Only 250 compounds out of 10 000 newly discovered reach the pre-clinical phase. Only very few enter the clinical phase and only 1 of 5 tested in clinical trials is approved by the regulatory agency and registered.
Therefore it is not surprising that the number of newly discovered compounds is not particularly high. Also alarming is the fact that the number of newly discovered compounds is steadily decreasing. Despite of this fact, the costs of new drug development are constantly rising. This is primarily due to the ever increasing demands on the safety and efficacy of the new drugs. From the medical and ethical perspective, it is desirable that the new effective drug was available to the largest possible number of patients as soon as possible after the registration. Profit from the sale of the drug can the manufacturer then use for the further research.
After the end of patent and data protection is a genuine know-how made available to generic drugs manufacturers.
Good Clinical Practice (GCP) – is a set of internationally recognized quality requirements on ethical and scientific issues that must be followed when creating the design of the trial and also during the whole conduct of the clinical trial , in preparation of clinical trial documentation and clinical trial reports in trials that are carried out in humans. Compliance with the good clinical practice ensures and guarantees the protection of the rights , safety and health of the people participating in the trial, who are administered the investigational product or investigational drug or who are enrolled to the control group. The credibility of the clinical trial results is ensured.
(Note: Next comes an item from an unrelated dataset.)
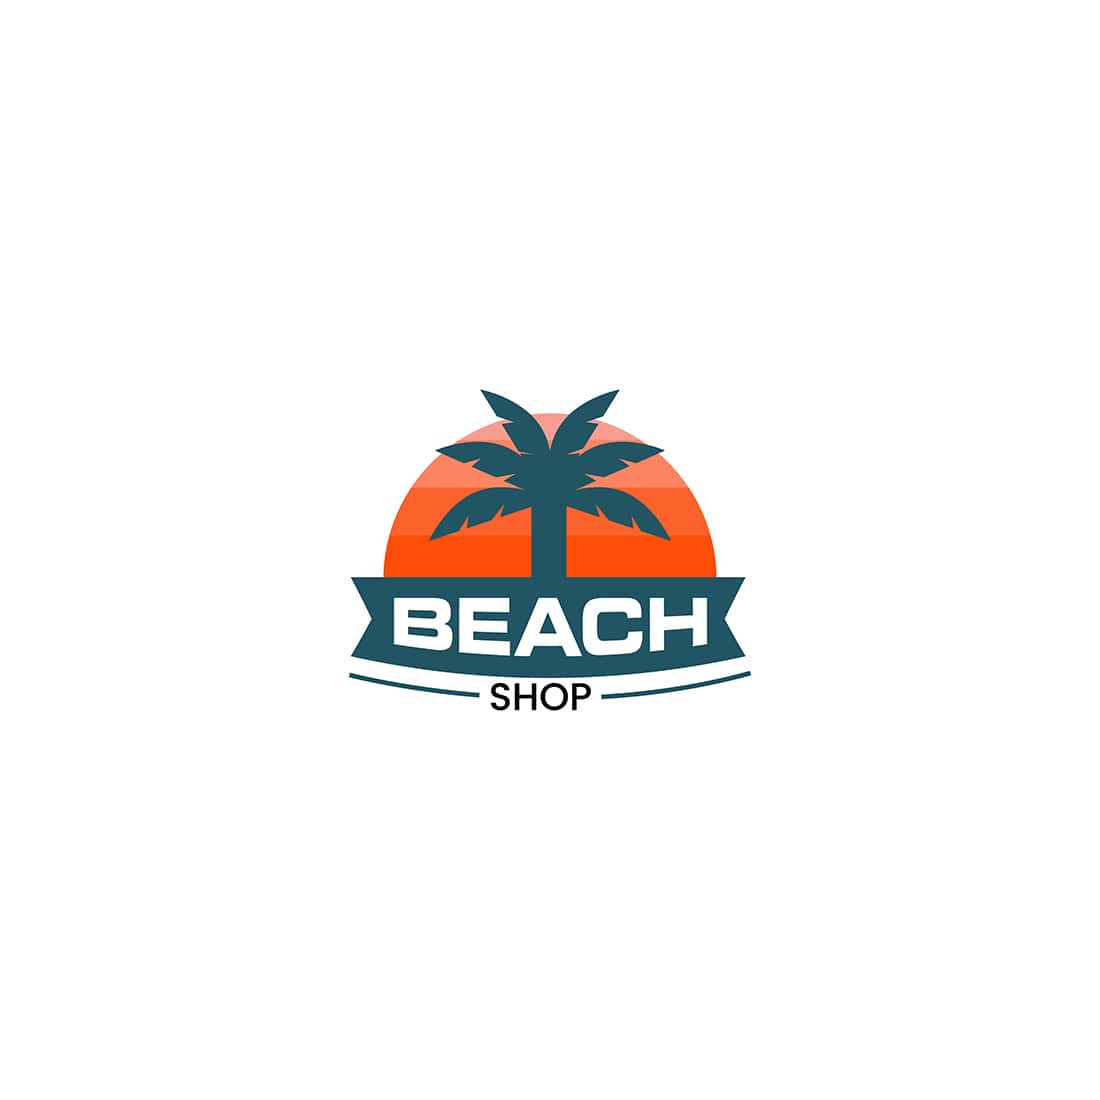 beach shop logo 02 min 244

Clinical trials on medicinal products (Clinical Trial) - all research done in humans, establishing or confirming clinical effects, pharmacological effects or other pharmacodynamic effects, which demonstrate any kind of side effects and which are used to find the absorption, distribution, metabolism and excretion of one or more investigational medicinal products for human use in order to determine their safety and efficacy; clinical trial also evaluates the bioavailability and bioequivalence of the study drug.
What is a clinical trial?
Clinical trials of products (future drugs that have not been registered yet) or medicinal products for human use is done in a healthy volunteers or patients. Clinical trials in humans are conducted in compliance with the Law on Medicinal Products (Act no. 140/1998 Coll medicines and medical devices) and also it needs to comply with the conditions of biomedical research determined by the special regulations.
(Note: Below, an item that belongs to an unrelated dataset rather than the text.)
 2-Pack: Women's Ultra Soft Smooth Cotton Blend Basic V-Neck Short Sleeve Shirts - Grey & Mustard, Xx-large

Clinical trials are carried out in four phases:
What is the active ingredient, drug and medicine ?
The active substance, respectively drug is chemically uniform or non-uniform substance of human, plant, animal, chemical or natural origin, which is the carrier of the biological effect that can be used as a protection from the disease, for the diagnosis of the disease, treatment of diseases or for the modification of physical function. Medicinal product is a drug or combination of drugs and adjuvants adapted by a technological process to a dosage form, intended to protect from the disease, help to diagnose the disease, treatment of the disease or for modification of physical functions.
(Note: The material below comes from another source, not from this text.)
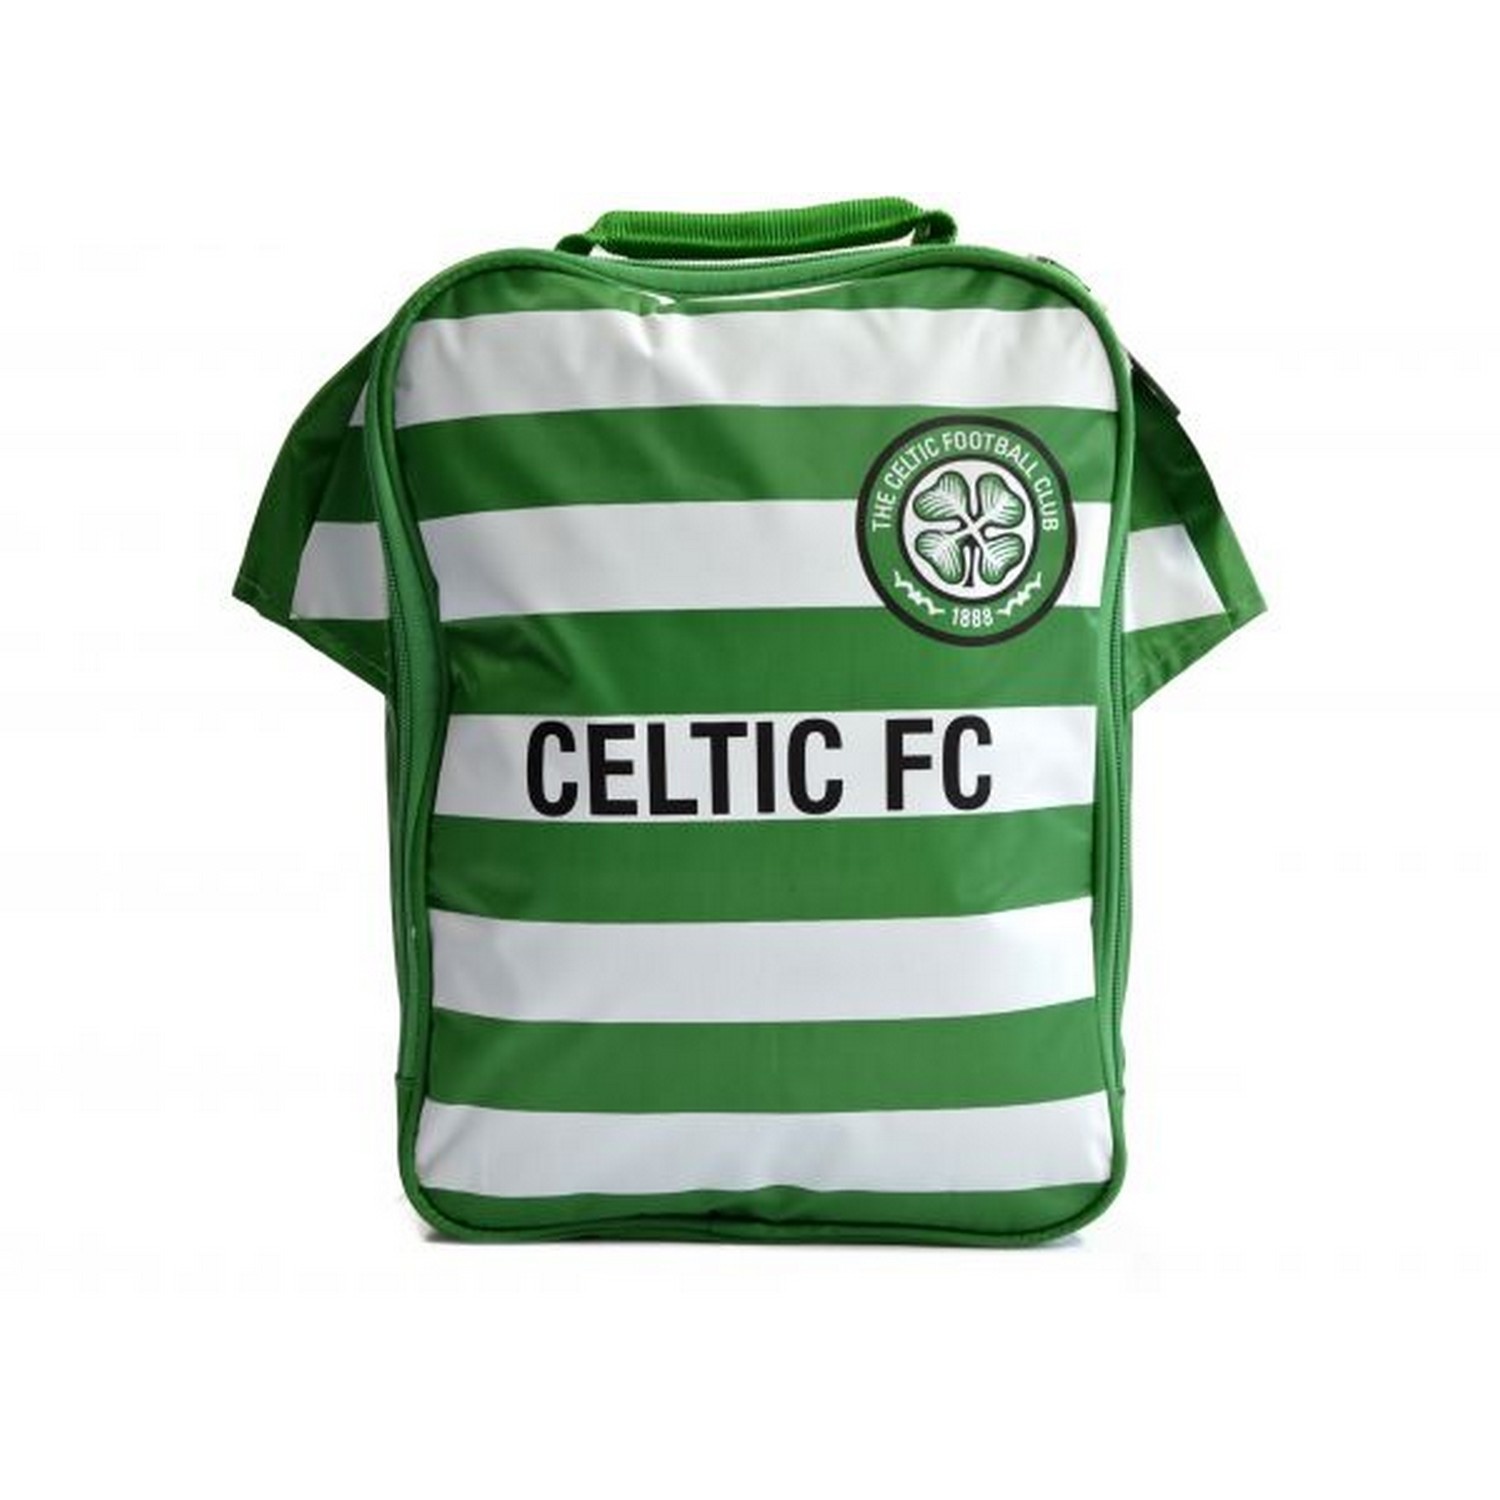 Lancheira Design Celtic Fc Licencias - verde-blanco -

Human medicine is intended for use in humans.
Do you know what is meant by 'adjuvant'?
An adjuvant is a chemically uniform or non-uniform substance, that in an amount used for the manufacturing or preparation of the medicinal product itself has no therapeutic effect, but allows or facilitates the production or preparation of the product, helps its administration, improves its quality or stability and bioavailability.
What does the term drug registration mean?
Drug registration is the marketing authorization and record on the list of registered products.